The nanoparticle-water interface play a central role in nanoparticles reactivity in aqueous environment relevant for nanomedicine, photocatalysis or environmental applications. The organization of water molecules around dispersed nanoparticles is believed to affect the colloidal stability, the interaction with cellular environment, the chemical and catalytic reactivity or the optical properties of the nanoparticles. The diamond-water interface is a key model system for interfacial phenomena in water since it is possible to tune the diamond hydrophilicity by modifying its surface chemistry. Oxidized and hydrogenated diamond bulk surfaces are often used as reference for hydrophilic and hydrophobic surfaces, respectively.

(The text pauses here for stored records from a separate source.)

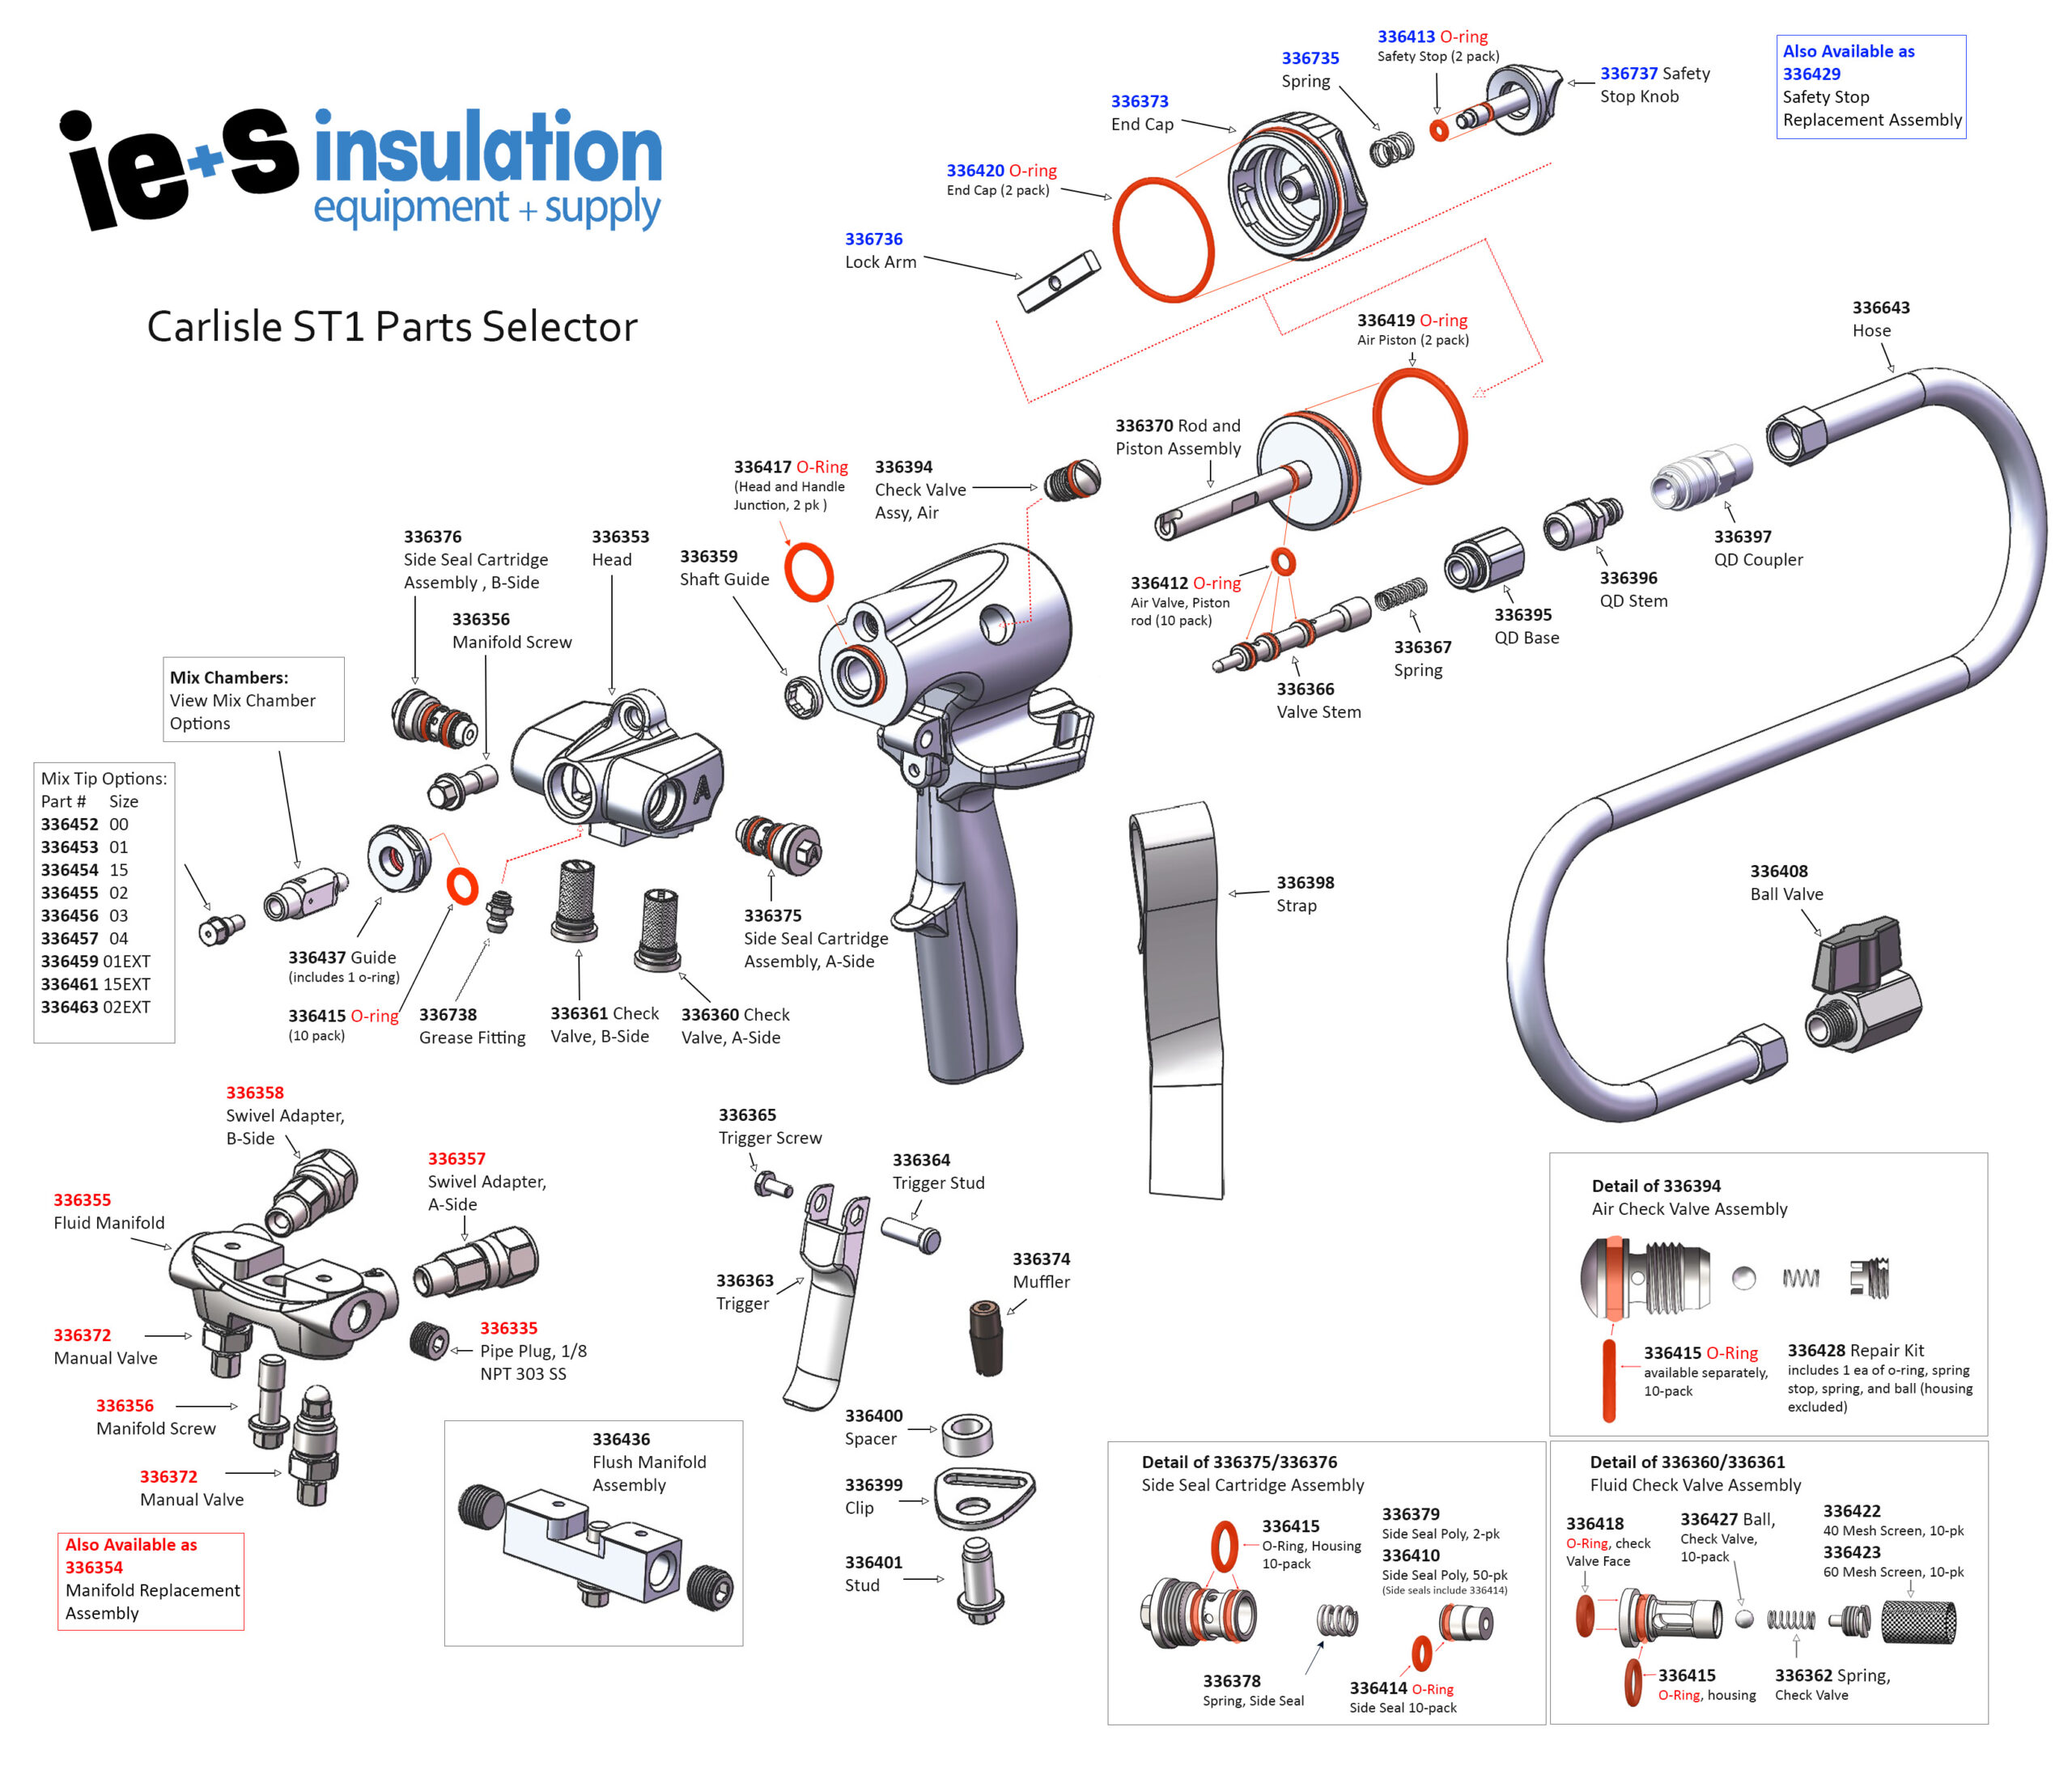 ST1 Parts Selector
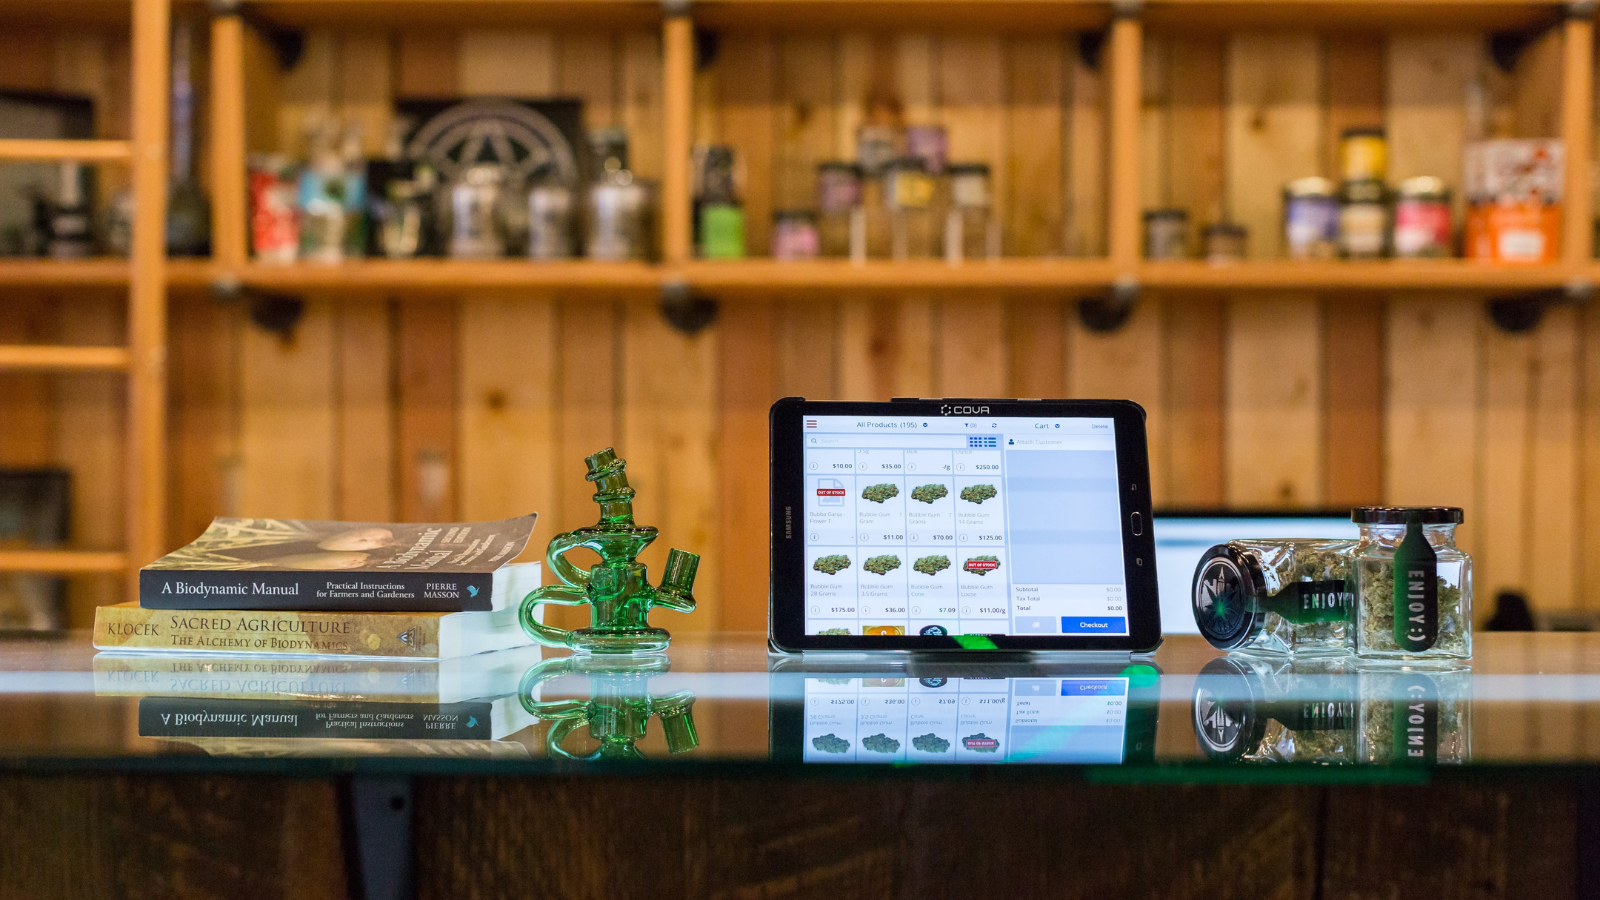 A New Era of Transparency: Legal Cannabis Stores Can Now Have Clear Windows
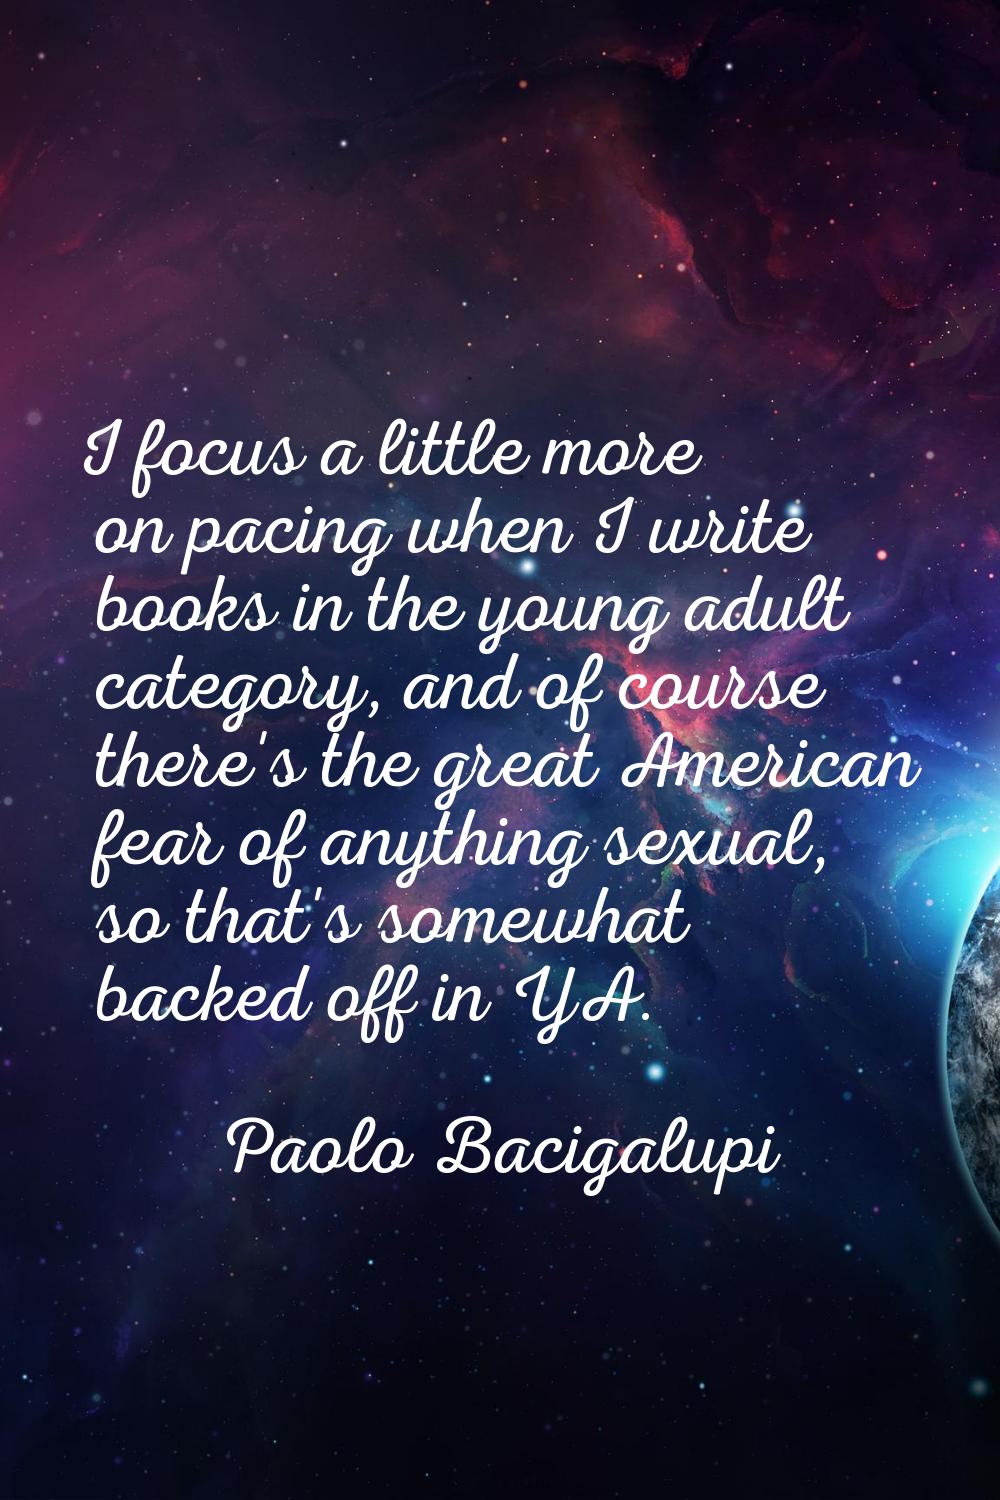 I focus a little more on pacing when I write books in the young adult category, and of course there
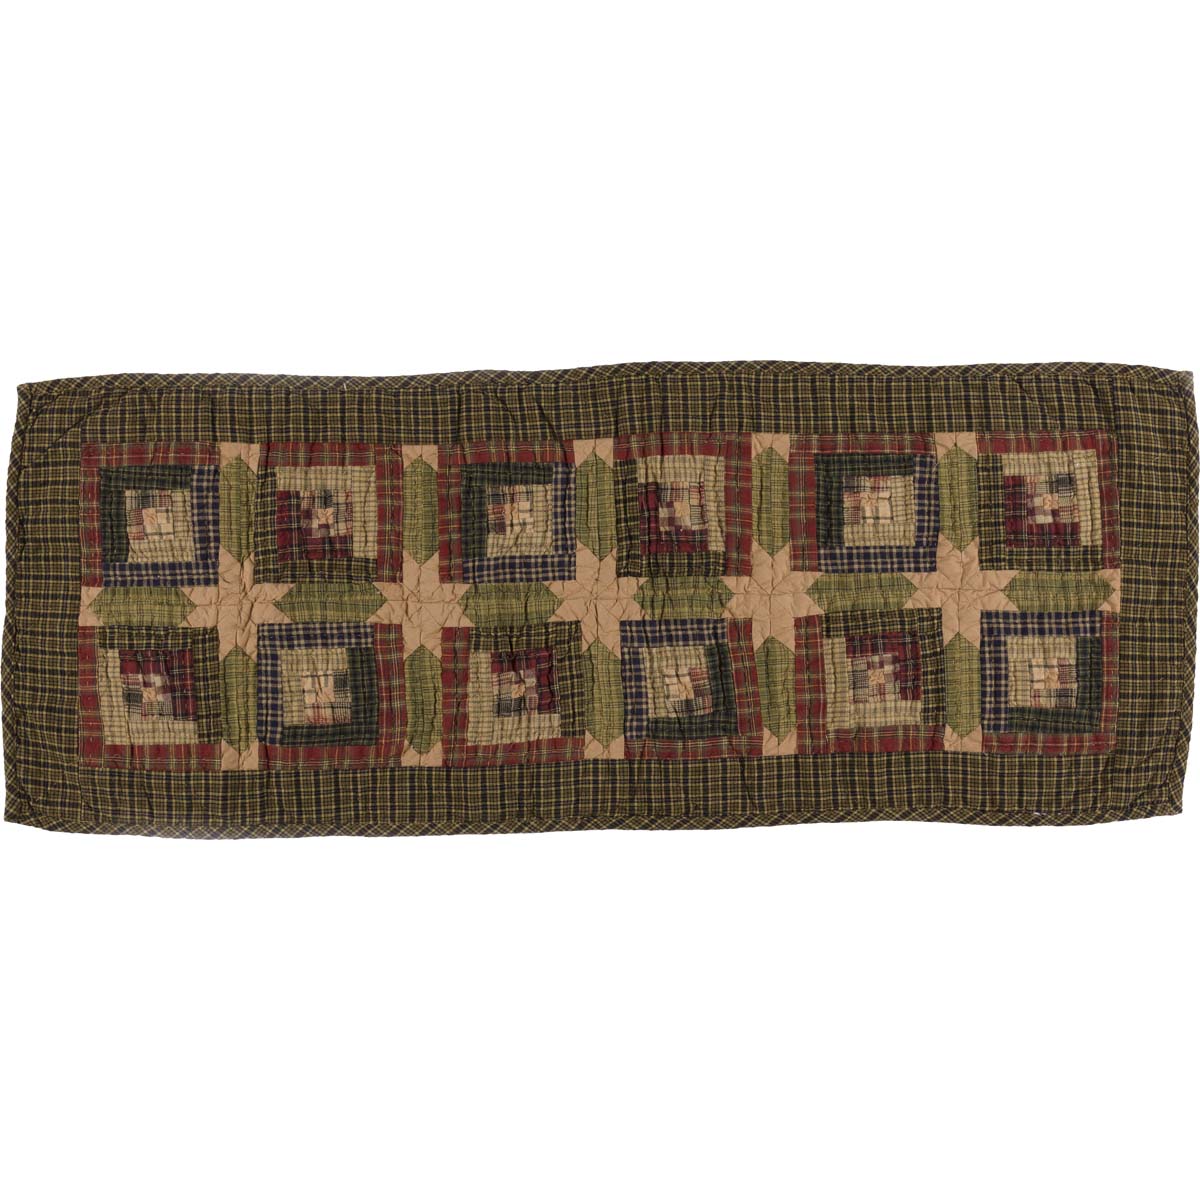 Tea Cabin Quilted Table Runner 13" x 36"

Unfortunately, the influence of aqueous environment, especially when it is related to electronic processes, cannot be investigated in liquid with classical methods. In this seminar, I will present how synchrotron-based soft x-ray absorption, emission and photoemission spectroscopies can overcome the challenge of measuring electronic structure of nanomaterials directly in aqueous environment. Using X-ray absorption spectroscopy, modification of the NDs surface chemistry induced by aqueous dispersion was recently evidenced.1 Furthermore, a significant impact of nanodiamonds on the water organization in their solvation shell was also observed.2 Finally, complementary characterization by Fourier Transformed Infrared Spectroscopy will be presented. Future directions implementing these methods to follow electro- and photochemical reactions at the surface of NDs and other nanomaterials in liquid environment will be discussed.
(1) Petit, T.; Pflüger, M.; Tolksdorf, D.; Xiao, J.; Aziz, E. F. Valence Holes Observed in Nanodiamonds Dispersed in Water. Nanoscale 2015, 7, 2987–2991.
(2) Petit, T.; Yuzawa, H.; Nagasaka, M.; Yamanoi, R.; Osawa, E.; Kosugi, N.; Aziz, E. F. Probing Interfacial Water on Nanodiamonds in Colloidal Dispersion. J. Phys. Chem. Lett. 2015, 6, 2909–2912.